Credit: Photo by William Camargo

With the City Council rushing to create a whole new type of tax incrementing financing ­– just weeks after pushing through a new $100 million Community Catalyst Fund – this may be a good moment to consider the state of slush in the City of Chicago.

The first so-called Transit TIF, running from North to Devon avenues, doesn’t quite qualify as a slush fund, as TIFs now seem to function.  For one, it’s explicitly dedicated to the modernizing of the Red and Purple lines, providing $625 million to help the city qualify for matching federal funds.

It also departs from the standard TIF program in other ways, as The Chicago Reader’s Ben Joravsky reported.  It doesn’t pretend to finance economic development in underserved communities, and it doesn’t pretend to capture additional revenue resulting from the investments it drives.  It’s just another way of collecting the increases in property tax revenue that would have come in anyway. And since that money will have to be made up by existing taxing bodies, it’s essentially a back-door tax hike.

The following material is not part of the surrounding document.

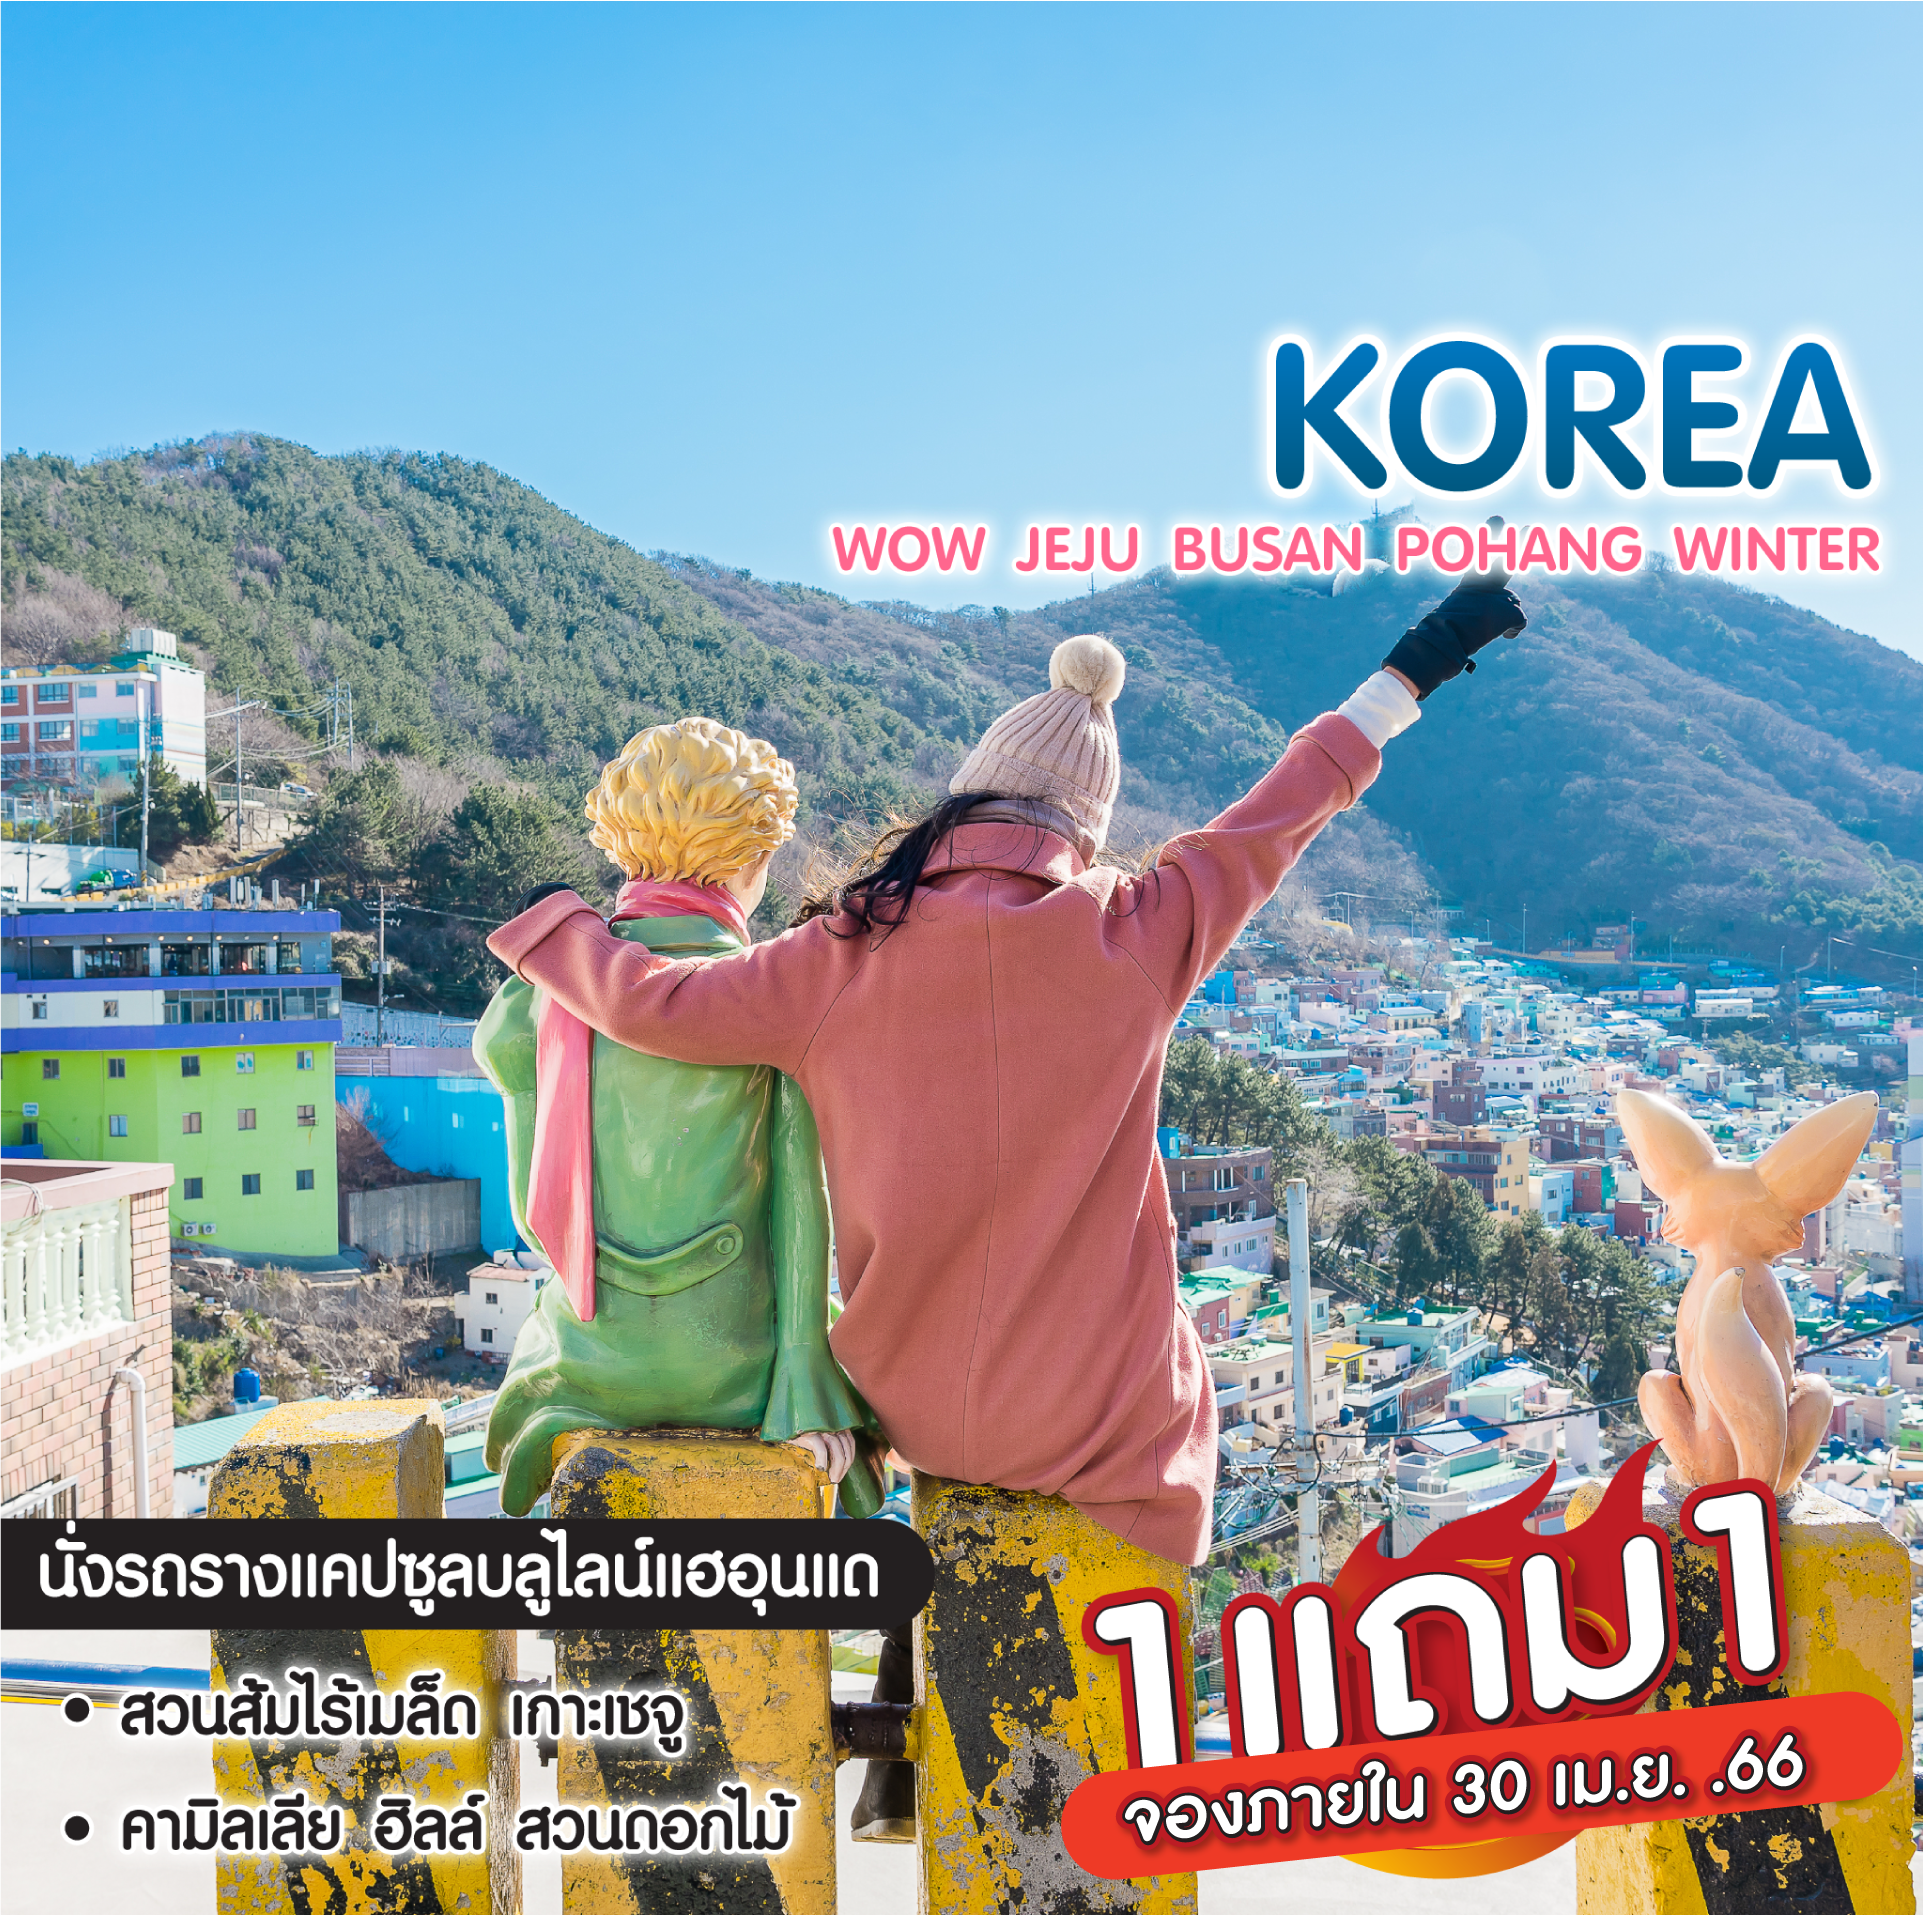 ทัวร์เกาหลี ️Wow Jeju Busan Pohang Spring เที่ยว 3 เมืองสุดคุ้ม
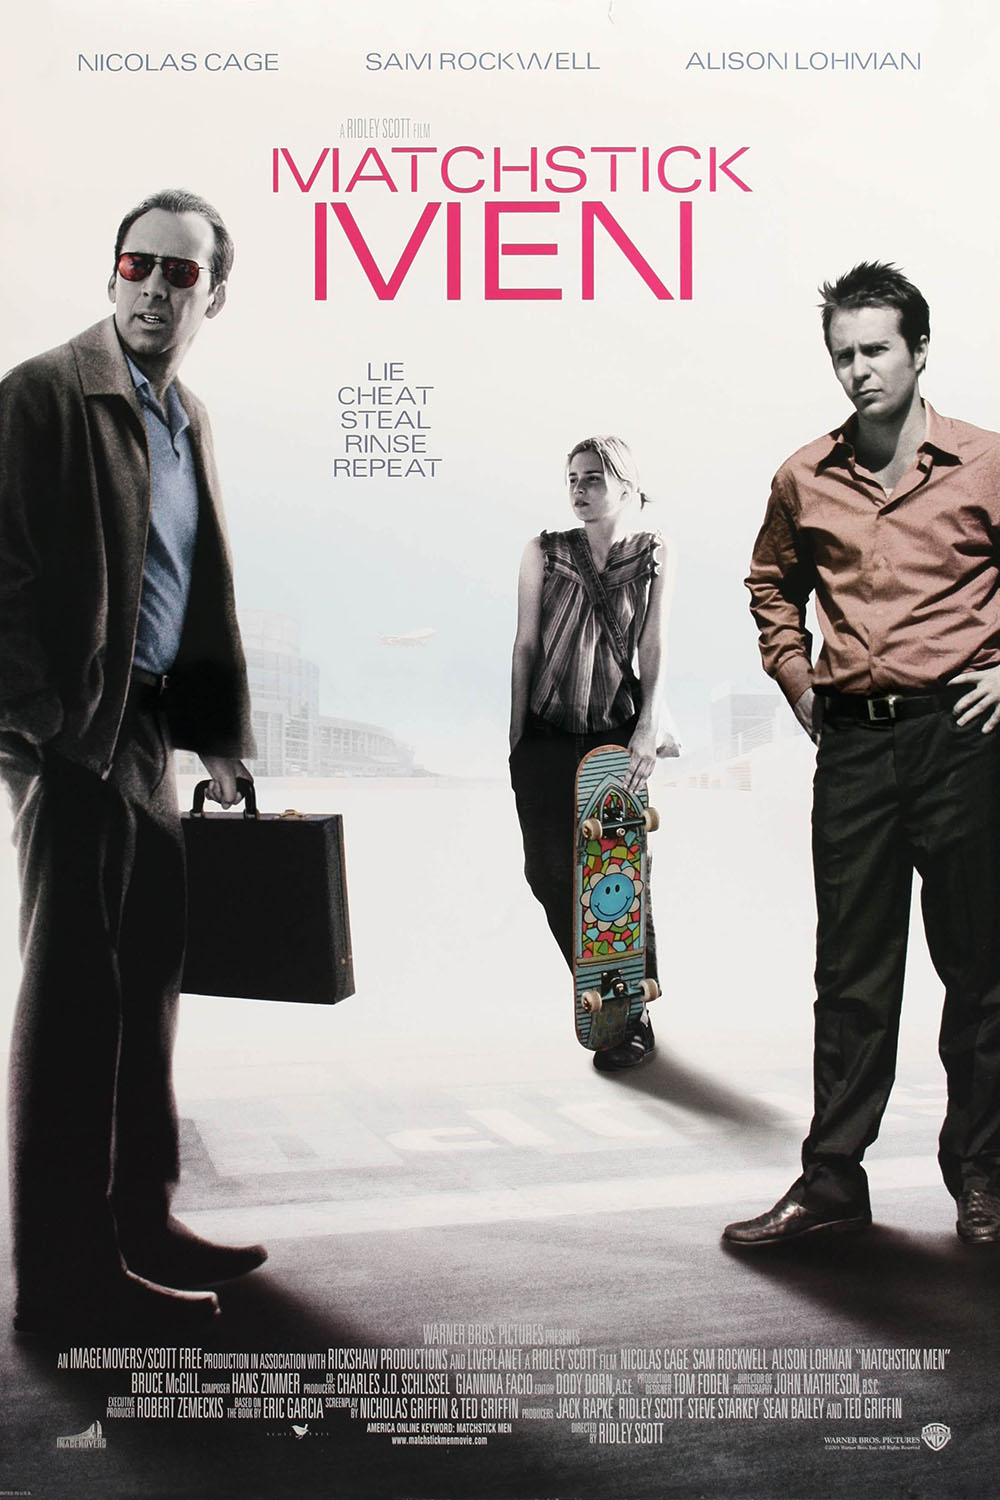 Matchstick Men (2003) Poster

Of course, there’s still the old TIF program, and as a slush fund it’s doing quite well, taking in $461 million last year, with the yearly take set to rise as property taxes go up.  It’s a huge pot of money that Mayor Rahm Emanuel can tap into at will, whether on development projects or to fill budget gaps, as he demonstrated in this fall’s teacher contract talks.

Beyond that, Emanuel hasn’t replicated the success his predecessor had with massive slush funds, set up with the billion-dollar proceeds from the sale of the Skyway and the city’s parking meters.  Instead, Emanuel’s setting up smaller pools of off-budget funds under his control, with little or no oversight.

Last month, the City Council pledged $100 million in city money for a Community Catalyst Fund to attract private capital to invest in neighborhoods.  It’s the brainchild of City Treasurer Kurt Summers, who also chairs a parallel fund, the Infrastructure Trust.  (Summers says that under-performing entity is soon to launch “the biggest lighting program in North America” – though cash-strapped Detroit has succeeded with a similar program, taking the cheaper route of traditional bond financing.)  How the new fund will succeed in spurring economic development where TIF has failed isn’t clear.

Ald. Carlos Rosa (35th) warns that the Catalyst Fund “in fact amounts to a blank check from Chicago taxpayers to financiers.” He cites the lack of guarantees that the poorest communities will be served; a scale of investment that favors big businesses; and “little or no public accountability,” with a board appointed by the mayor and little protection against conflicts of interest.

In May, the council approved Emanuel’s Neighborhood Opportunity Fund, financed through so-called “density bonus” payments made by downtown developers (payments in exchange for the right to build additional height and density). It’s expected to generate $10 million a year, with 80 percent going to economic development in low-income areas.  Emanuel can award grants under $250,000 without council approval. Noting the lack of oversight and transparency, Ald. Brendan Reilly (42nd) said, “Some people I’ve talked to have equated this to a slush fund.”

Now a third such fund is under discussion.  In successful planned manufacturing districts along the North Branch on the Chicago River, where Emanuel wants to relax zoning rules so developers can build luxury high-rises, he has proposed charging a fee on non-industrial development to be invested, in part, in less successful industrial corridors in outlying areas.  (The fund would also “support infrastructure improvements in corridors transitioning away from industrial use,” so it’s not a total loss for developers.)

There are many problems with this.  The old, established manufacturers that will be run out of town pay good wages and benefits; new industrial developments tend to be warehouses, where the workforce is often handled by subcontractors and paid low wages with no benefits.  And it’s not like the city’s population is growing, such that we need a slew of new high-rises along the river.

There will also be the usual questions of who decides how the money is spent, how much oversight and accountability exists – whether promised jobs actually materialize, for one thing – and ultimately who benefits from the new program.

Emanuel’s growing collection of slush funds raises questions not just of governance but of priorities as well.  In a city struggling to provide basic services – where school budgets are being slashed and a serious anti-violence program seems beyond reach – and where revenue solutions targeting the wealthy are off the table, do we really need to empower our mayor to hand out more largesse to the business class?

Curtis is an opinion writer for The Chicago Reporter.